The Java parseInt() function parses a string to return an integer. An equivalent C function is atoi(). However, this doesn't seem to match the first part of your question. Do you want to convert from an integer to a string, or from a string to an integer?
You can also check out the atoi() function (ascii to integer) and it's relatives, atol and atoll, etc.
Also, there are functions that do the reverse as well, namely itoa() and co.
You may want to take a look at the compliant solution on this site.
You can try:
int intval;
String stringval;
//assign a value to intval here.
stringval = String(intval);
that should do the trick.
This is not an optimal solution. This is my solution given multiple restrictions, so if you had limited resources based on your course/instructor's guidelines, this may be a good fit for you.
Also note that this is a fraction of my own project implement, and I had to read in operands as well as digits, so I used getchars. Otherwise, if you only need integers and no other type of characters, I like using this:
int k;
while (scanf("%d", &k) == 1)
The rules were no specific, "advanced" C concepts: no String variables, no structs, no pointers, no methods not covered, and the only include we were allowed was #include
So with no simple method calls like atoi() available or any String variables to use, I chose to just brute force it.
1: read chars in using getchar (fgets was banned). return 1 (exit status 1) if
there is an invalid character. For your problem based of parseInt in Java
1 11 13 is valid but 1 11 1a is invalid, so for all values we have a valid "string" iff all chars are 0-9 ignoring whitespace.
2: convert the ASCII value of a char to its integer value (eg. 48 => 0)
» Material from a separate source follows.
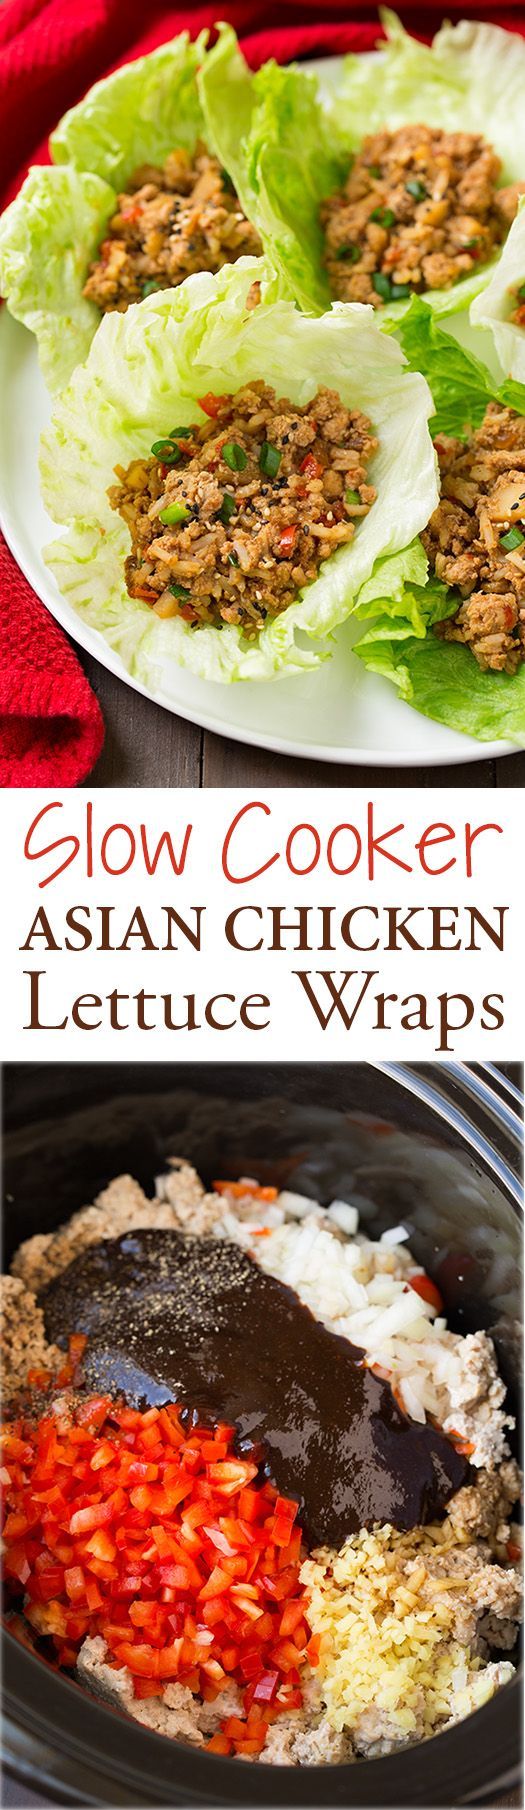 Slow Cooker Asian Chicken Lettuce Wraps – these easiest lettuce wraps and they’re completely delicious!

3: use a variable val to store an int such that for each char in a "substring" there is a corresponding integer digit. i.e. "1234" => 1234 append this to an int array and set val to 0 for reuse.
The following code demonstrates this algorithm:
int main() {
int i, c;
int size = 0;
int arr[10]; //max number of ints yours may differ
int val = 0;
int chars[1200]; //arbitrary size to fit largest "String"
int len = 0;
//Part 1: read in valid integer chars from stdin
while((c = getchar()) != EOF && (c < 58 && c > 47)) {
chars[len] = c;
len++;
}
//Part 2: Convert atoi manually. concat digits of multi digit integers and
// append to an int[]
for(i = 0; i < len; i++){
for(i = 0; i < len; i++){
if(chars[i] > 47 && chars[i] < 58){
while((chars[i] > 47 && chars[i] < 58)){
if(chars[i] == 48)
c = 0;
if(chars[i] == 49)
c = 1;
if(chars[i] == 50)
c = 2;
if(chars[i] == 51)
c = 3;
if(chars[i] == 52)
c = 4;
if(chars[i] == 53)
c = 5;
if(chars[i] == 54)
c = 6;
if(chars[i] == 55)
c = 7;
if(chars[i] ==56)
c = 8;
if(chars[i] == 57)
c = 9;
val = val*10 + c;
i++;
}
arr[size] = val;
size++;
if(size > 10) //we have a check to ensure size stays in bounds
return 1;
val = 0;
}
//Print: We'll make it a clean, organized "toString" representation
printf("[");
for(i = 0; i < size-1; i++){
printf("%d, ", arr[i]);
}
printf("%d]", arr[i];
return 0;
Again, this is the brute force method, but in cases like mine where you can't use the method concepts people use professionally or various C99 implements, this may be what you are looking for.